1 When the people saw that Moses was so long in coming down from the mountain, they gathered around Aaron and said, "Come, make us gods [a] who will go before us. As for this fellow Moses who brought us up out of Egypt, we don't know what has happened to him.
Its so frustrating!!!!!!! This never ending battle with food truly stinks. This week for whatever reason, I have felt so unsatisfied. Nothing seemed like what I really wanted to eat. I have been short tempered. I have gotten angry for no reason. I have turned to food time and time again. I don't want to keep ending up back here, but I feel like I have to. I want to understand obesity from the inside out. I want to understand how the sin keeps drawing me back in. I want to learn it and know it so that I can fight it and finally win the WAR!

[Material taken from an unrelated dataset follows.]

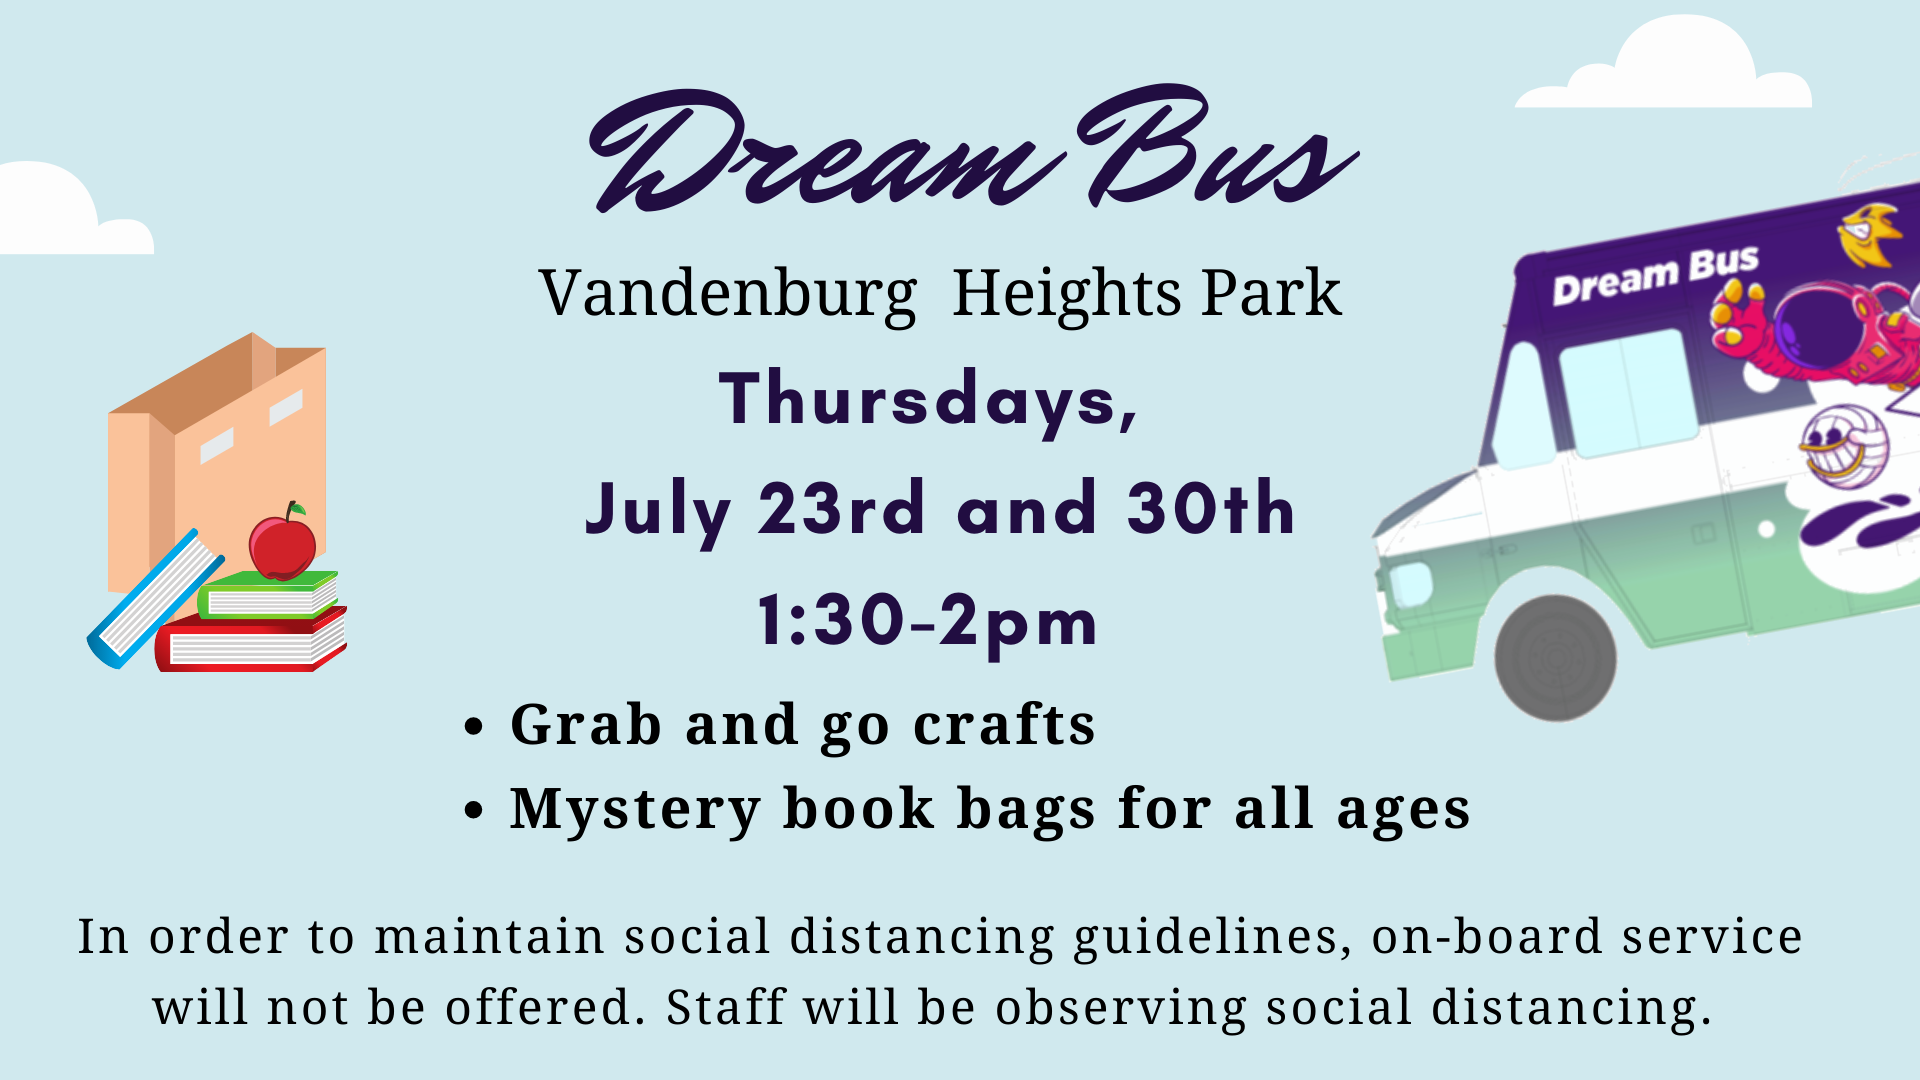 Dream Bus at Vandenburg Heights Park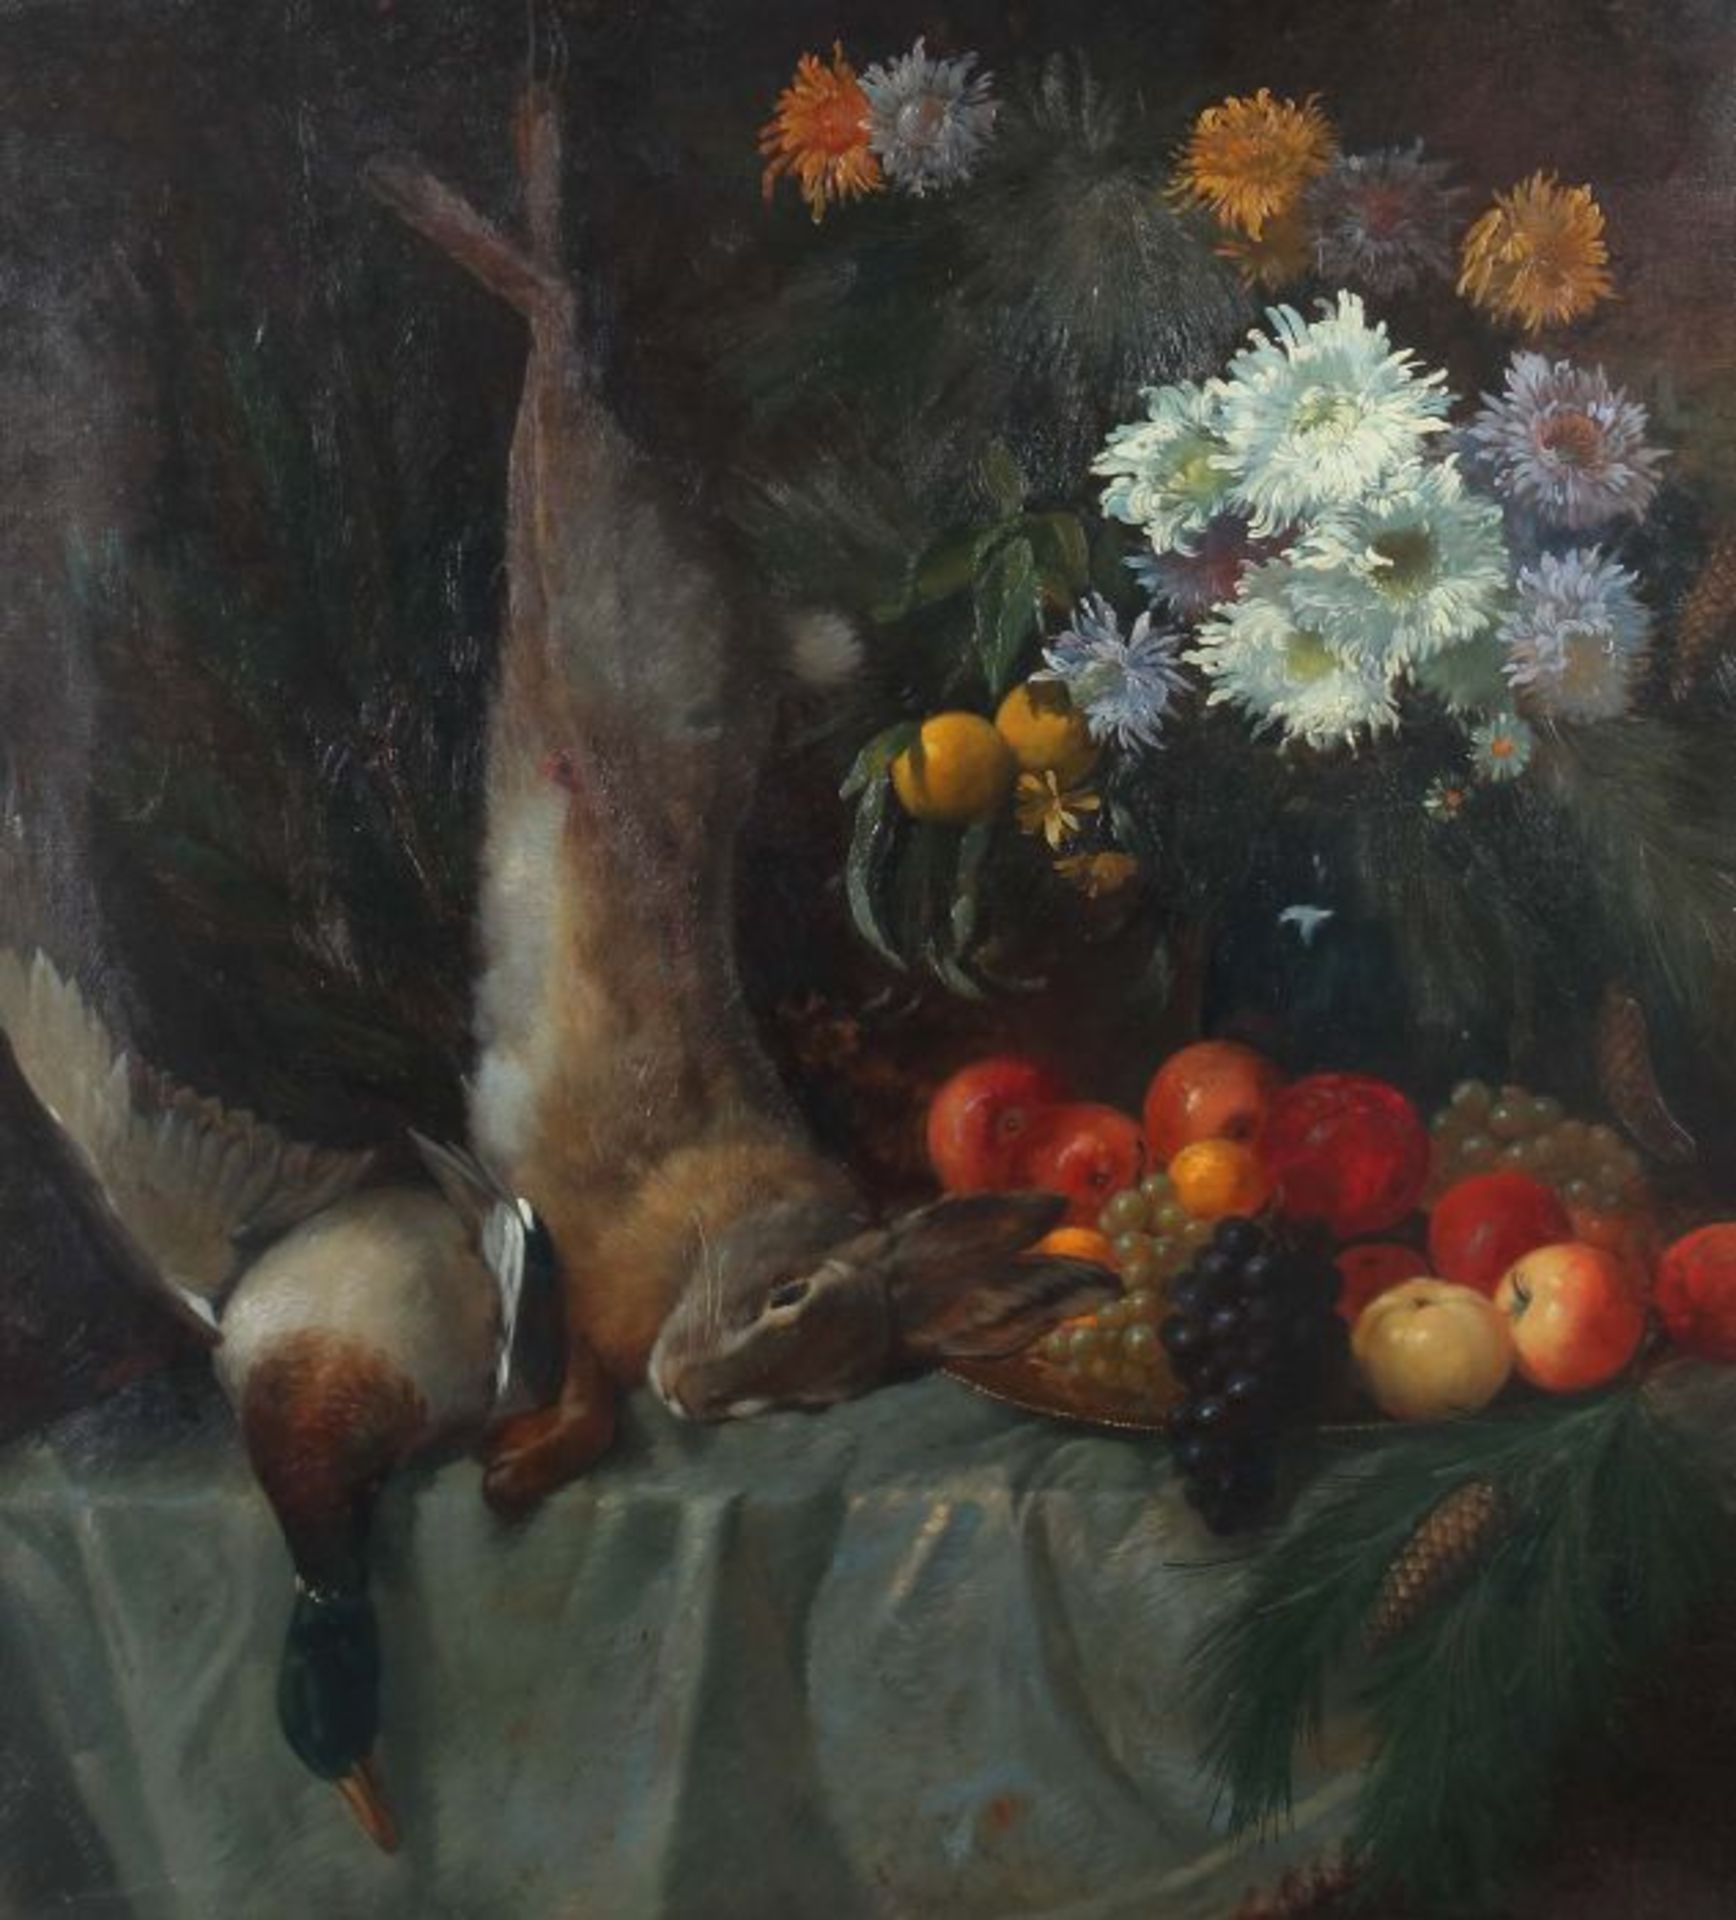 Schulze, Hans Rudolf1870 - 1951, deutscher Maler. "Jagdstillleben", erlegter Hase und Ente, neben

I am so thankful that Jesus has paid for my sins and that there are no Levites to come into my camp and kill me or be struck by a plague. I desire to get this right. I'm praying that God will continue to work in my heart and mind. That He will equip me to be able to truly present myself as a living sacrifice. I have had some good moments these past few weeks, and I am so thankful that God has given me the strength to do just that.
I have been getting on my grandmother's schwinn stationary bicycle (age uknown—25 or 30 years) and peddling away when I really wanted to sit around and do nothing. I have been working out twice a week with a trainer thanks to an amazing friend! I have been eating more fruits and vegetables over all, and drinking less and less carbonated beverages. I need to get to a place where I can win enough battles that tips me over to winning the war!